Спи, Чигрине, нехай гинуть
У ворога діти.
Спи, гетьмане, поки встане
Правда на сім світі.
…Церков-домовина
Розвалиться… і з-під неї
Встане Україна.

…і без сокири,
Аж зареве та загуде,
Козак безверхий упаде,
Розтрощить трон, порве
порфиру,
Роздавить вашого кумира…

… Буде бите Царям сіянеє жито!
А люде виростуть. Умруть
Ще не зачатиє царята…
І на оновленій землі
Врага не буде, супостата,
А буде син, і буде мати,
І будуть люде на землі.

Н. Ульянов справедливо указывал, что «кроме «царей», никаких других предметов его (Шевченко — Е.З) бунтарских устремлений не находим. Есть один-два выпада против своих украинских помещиков, но это не бунт, а что-то вроде общественно-политической элегии». Между тем прогрессивной общественности социалистического толка нужны были «не обличения «неправд» царей на манер библейских пророков , а протест против политической системы самодержавия». Наподобие манифестируемого Бернсом в его неопубликованных стихотворениях, которые он, справедливо опасаясь наказания со стороны властей, распространял (и таким образом прятал для будущего) среди доверенных, честных и влиятельных лиц — его друзей. «Миссией его жизни было подготовить почву, на которой впоследствии могли быть построены права простого люда» (Джон Л. Кларк).

Такая борьба за права людей — не уровень Шевченко. Кроме нескольких примеров, в которых «движущими силами более-менее четко определяется восставший народ или община, в подавляющем большинстве изображений прихода нового строя перемены происходят с помощью нечеловеческих, сверхъестественных сил… Соответственно и позиция Шевченко связана с уверенным, но пассивным ожиданием неминуемых перемен» (Дж. Грабович). Это позиция не национального поэта, не теоретика национализма, не народного вождя или активиста движения за права человека, но пророка.

Художественные приемы, используемые Шевченко, типичны для религиозного текста. Персонажи его стихотворений представляют определенное ценностное, моральное состояние. Подобно тому, как в евангельских текстах слова «фарисей», «лепта», «Голгофа» значат нечто большее, чем просто «представитель течения в иудаизме», «мелкая монета», «холм в Иерусалиме», в шевченковских текстах «козак», «москаль», «дівчина», «калина», «Дніпро», «море», «гори», «могили» и так далее приобретают религиозно- метафорический ценностный смысл. «Слово соловейко, наприклад, вживається у поезіях Шевченка не лише в значенні певної реалії, — отмечается в «Словнику мови Шевченка». — Не пов’язане з реальною назвою річки слово Дунай.… Деякі власні імена і назви — це образи, досить виразні й характерні, без яких важко зрозуміти складні творчі замисли поета . Саме такими є, зокрема, Катерина, перебендя, Марія, Дунай та ін.».

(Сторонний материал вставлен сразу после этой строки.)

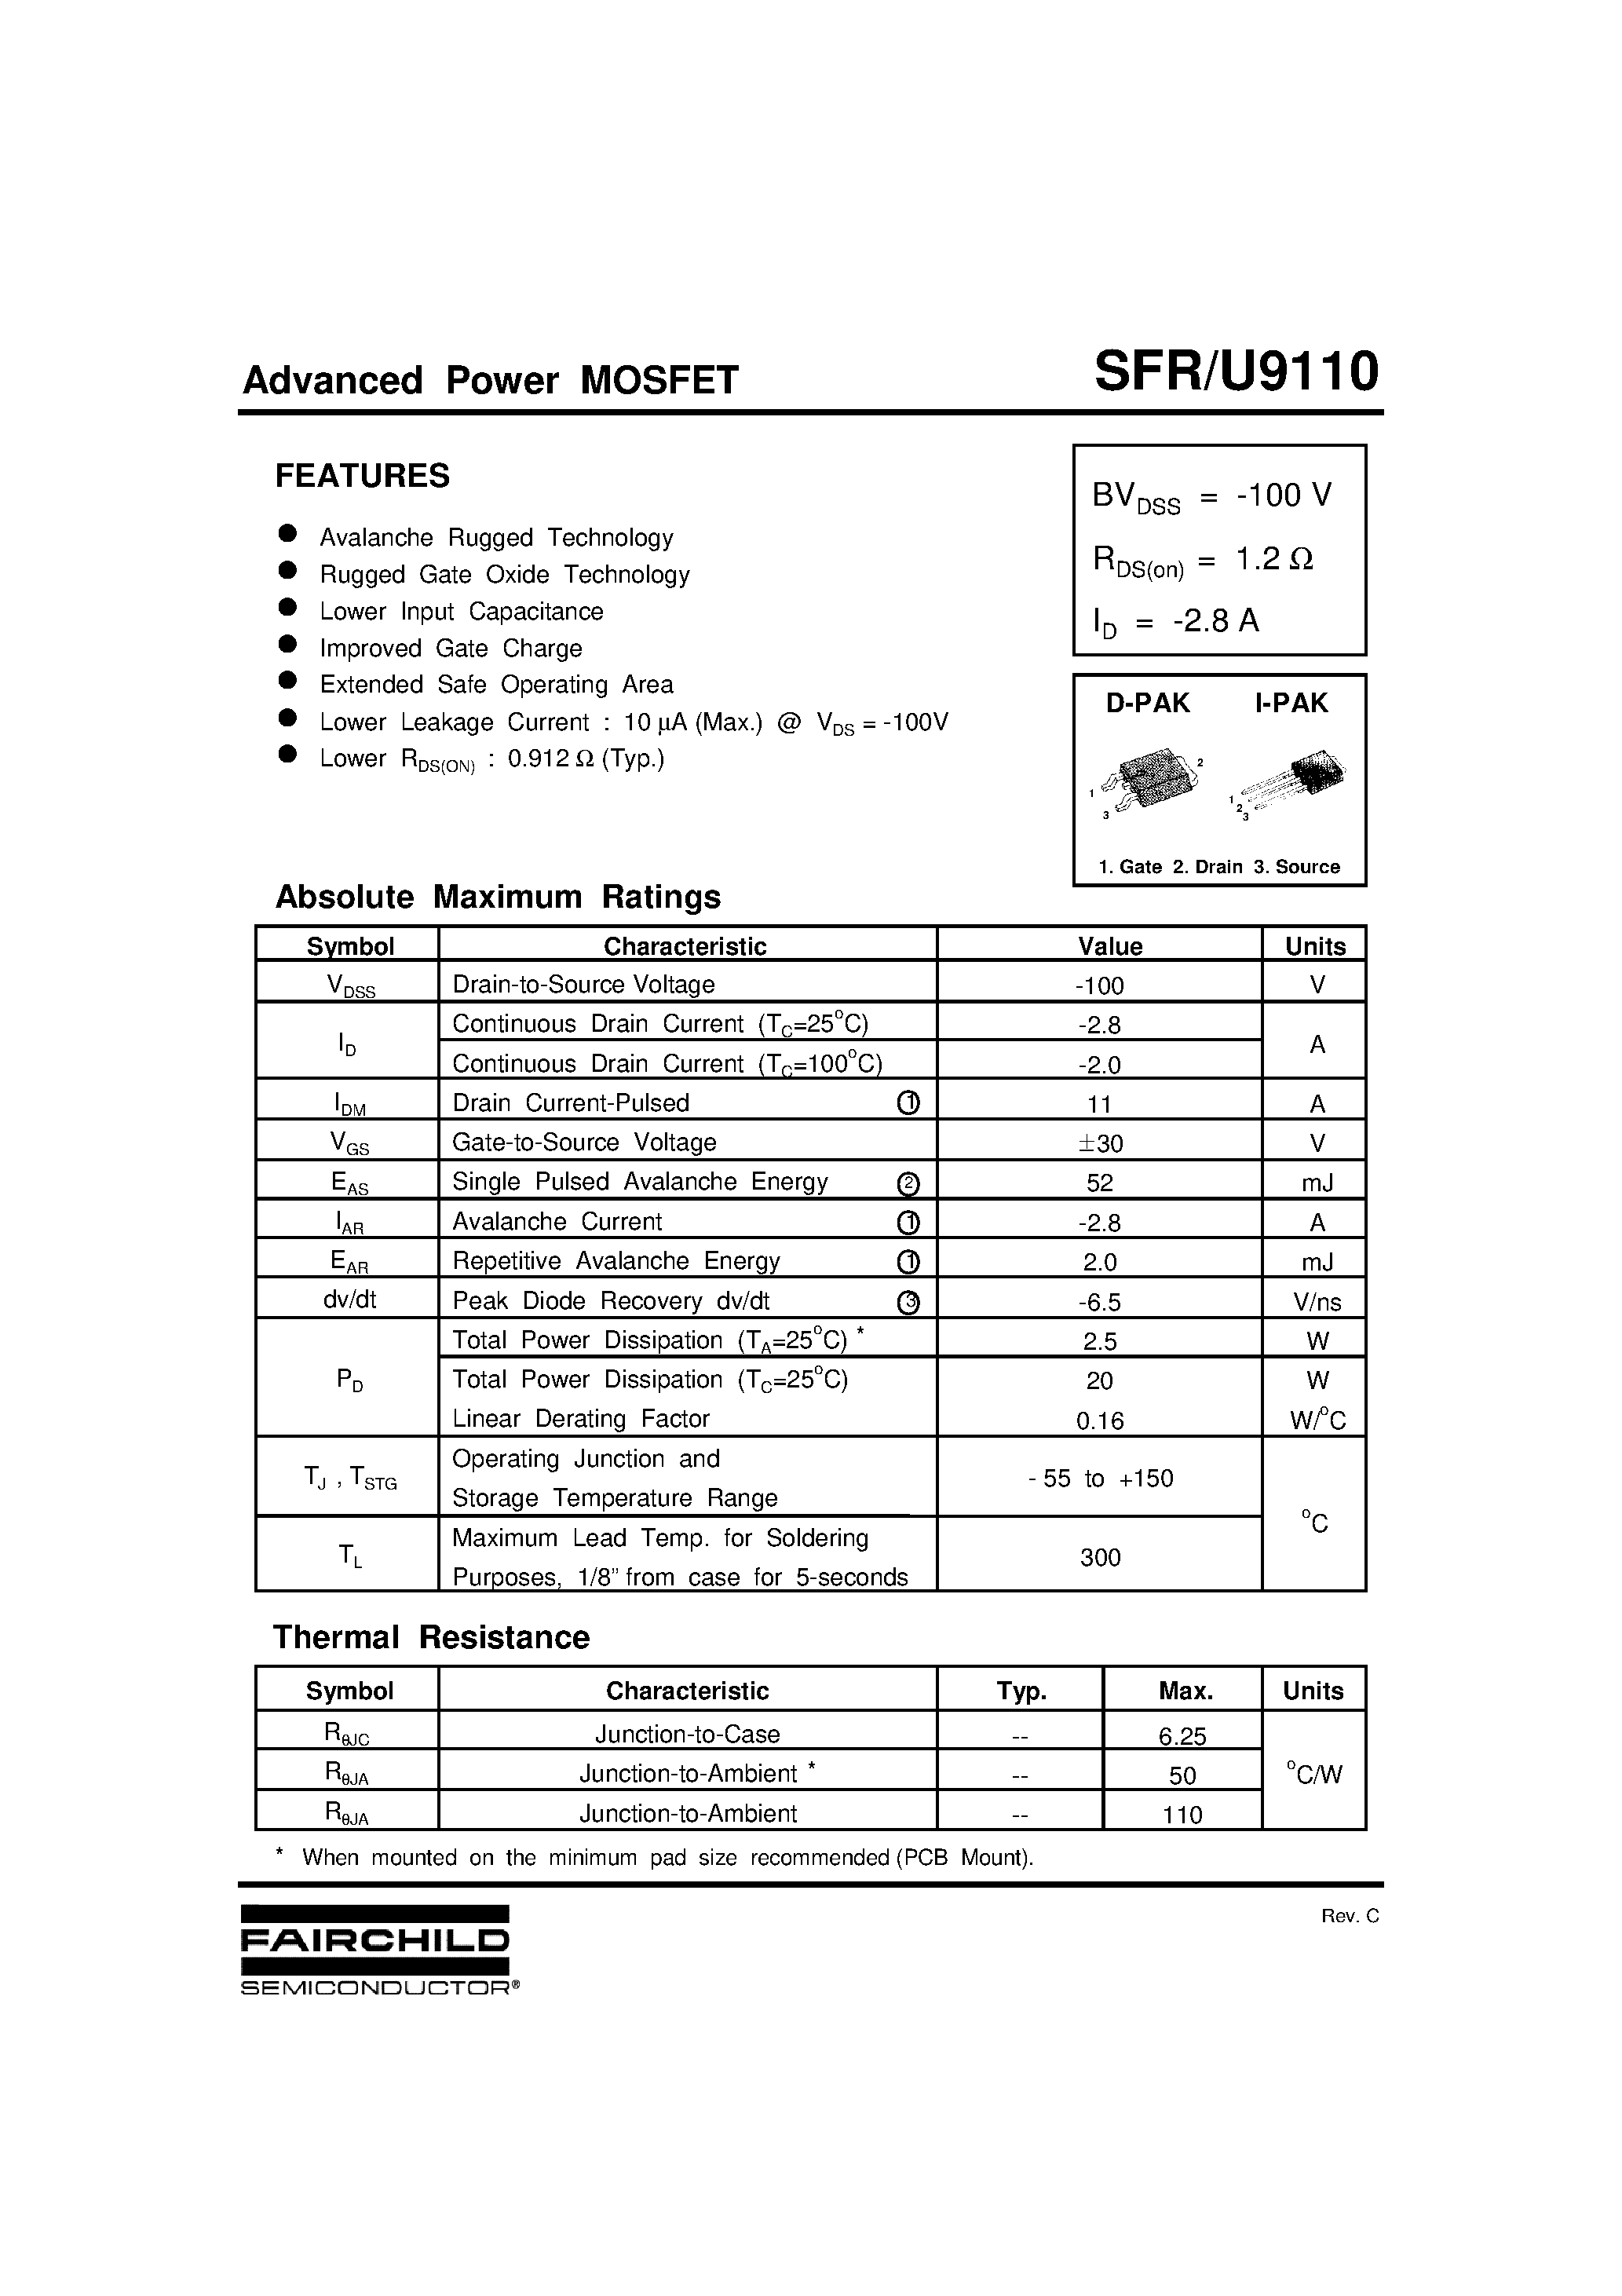 Datasheet SFR9110 - Advanced Power MOSFET page 1

Более того, мир шевченковских произведений вообще лишен многих признаков реального мира или же мира мифологической правды: его герои, за исключением некоторых исторических личностей, максимально деперсонифицированы (причинна, перебендя, сирота, удовиця), в то время как для мифологических персонажей характерно наличие нескольких имен и эпитетов; его растения и животные призваны выполнять прежде всего символическую, а не природную роль. Как и «соловейко», слова «ворон», «вовчиця», «свиня», «барвінок», «верба», «болиголов» и тому подобное употребляются не только в значении определенной реалии, даже в основном не в значении определенной реалии. В этом мире свинья, например, как привычное украинцу домашнее животное служит только для второстепенного определения персонажа: «…взяв от козлищ і свиней того Саула здоровила» (Саул), «…мале байстря свиней пасло» (Петрусь). Свинья же вообще — содержательное шевченковское определение определенного человека (или определенного его состояния): «…заснули, мов свиня в калюжі, у своїй неволі!»; «…а перелізе ще живе в свиню, абощо, та й живе, купається собі в калюжі, мов перш купалося в гріхах (…) Такими ж самими, як ви, жили ви лютими звірми, а в свині перейшли!..»; «…полізли свині ізнадвору, мов у калюжу, та й сопуть». Прилагательное «свинячий» Шевченко употребляет исключительно в этом образном смысле: «а потім ніж — і потекла свиняча кров, як та смола, з печінок ваших поросячих». От таких свиней имеем и соответствующее сало, которое отнюдь не ассоциируется с национальной украинской пищей: «…смердяче сало годованих добром живим, людською кровію»; «невже в сажах годує хам собі на сало?»; «а маги, бонзи і жерці (неначе наші панотці) в храмах, в пагодах годувались, мов кабани царям на сало…».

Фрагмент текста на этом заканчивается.